60 miles NE of Navajo National Monument; 110 miles NW of Canyon de Chelly; 200 miles NE of Flagstaff; 150 miles E of Page
In its role as sculptor, nature has, in the north central part of the Navajo Nation, created a garden of monoliths and spires unequaled anywhere on earth. Whether you've been here or not, you've almost certainly seen images of Monument Valley before. This otherworldly landscape has been an object of fascination for years, and since Hollywood director John Ford first came here in the 1930s, it has served as backdrop for countless movies, TV shows, and commercials.
Located 30 miles north of Kayenta and straddling the Arizona-Utah state line (you actually go into Utah to get to the park entrance), Monument Valley is a vast flat plain punctuated by natural sandstone cathedrals. These huge monoliths rise up from the sagebrush with sheer walls that capture the light of the rising and setting sun and transform it into fiery hues. Evocative names including the Mittens, Three Sisters, Camel Butte, Elephant Butte, the Thumb, and Totem Pole reflect the shapes the sandstone has taken under the erosive forces of nature.

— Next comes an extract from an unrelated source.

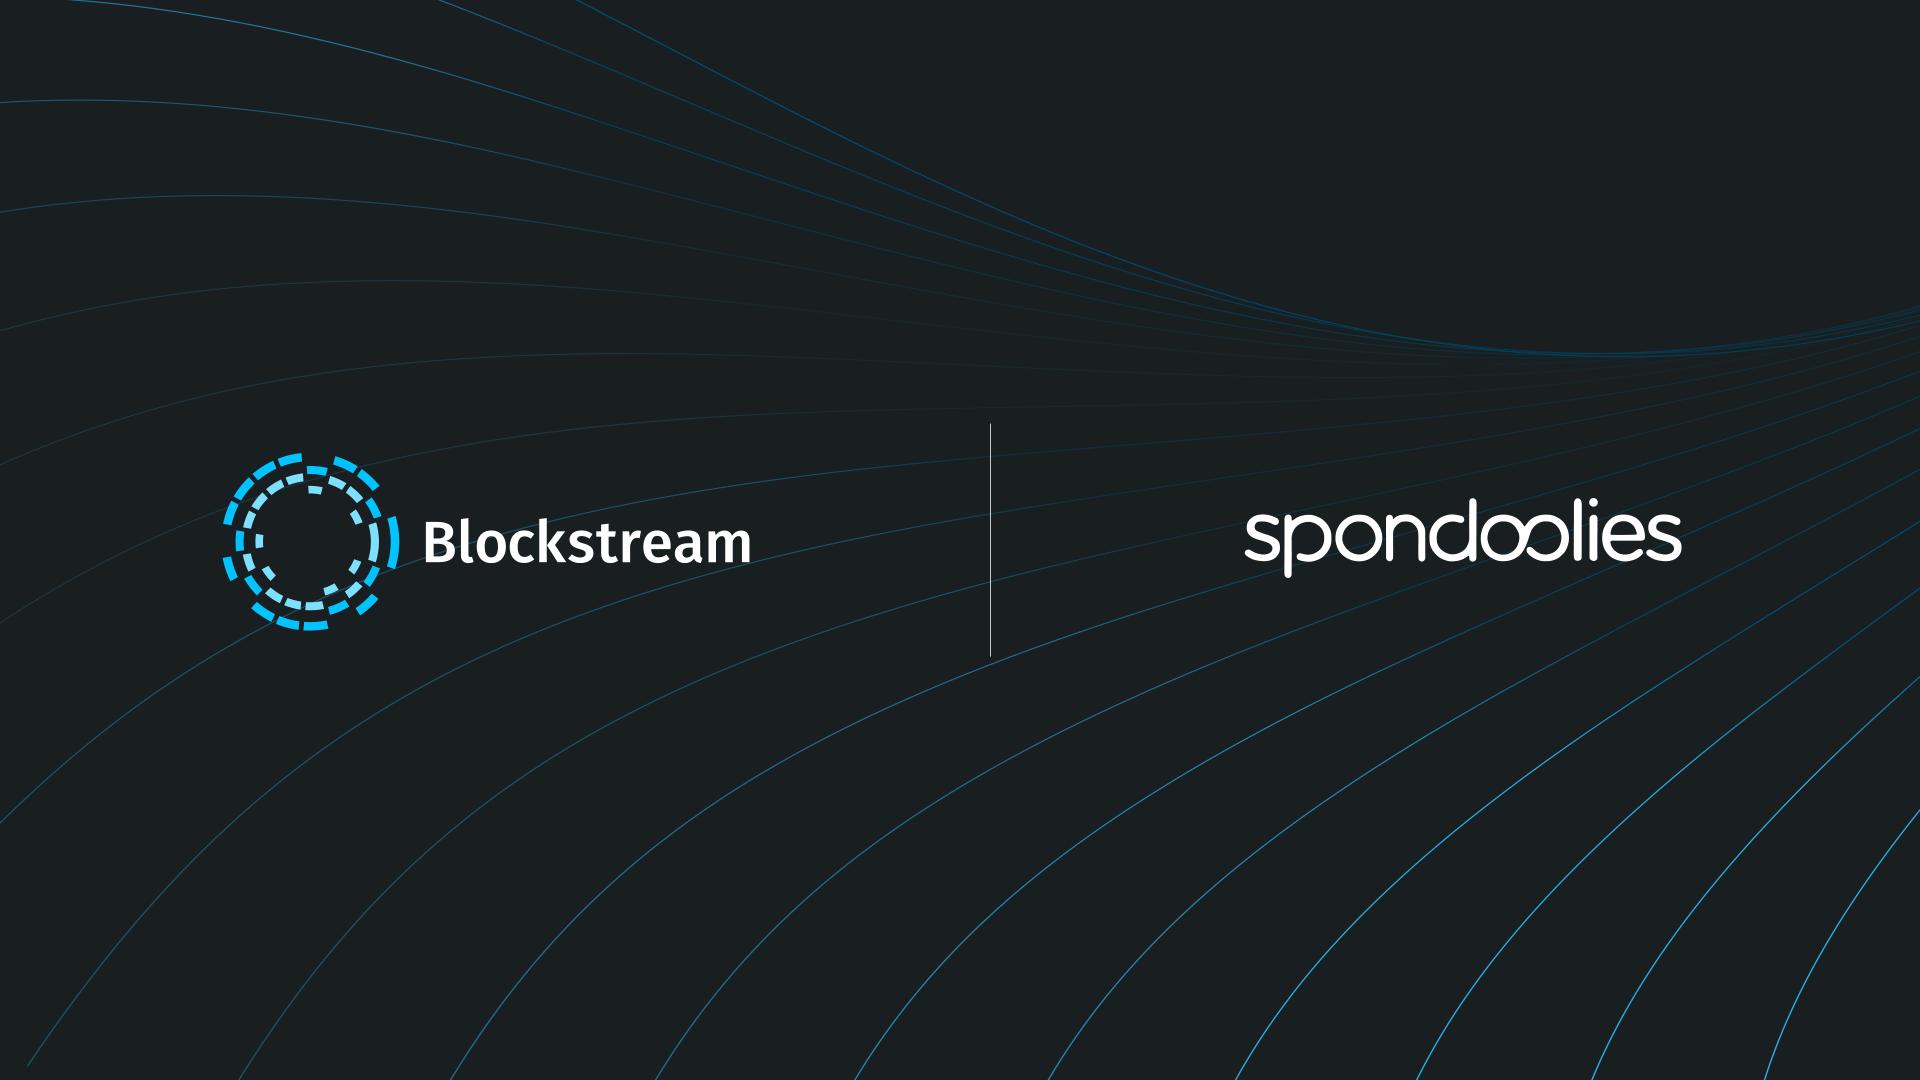 Blockstream Mining Builds Momentum with Spondoolies Acquisition

While it may at first seem as if this strange landscape is a barren wasteland, it is actually still home to a few hardy Navajo families. The Navajo have been living in the valley for generations, herding their sheep through the sagebrush scrublands, and some families continue to reside here today. In fact, human habitation in Monument Valley dates back hundreds of years. Within the park are more than 100 Ancestral Puebloan archaeological sites, ruins, and petroglyphs dating from before 1300.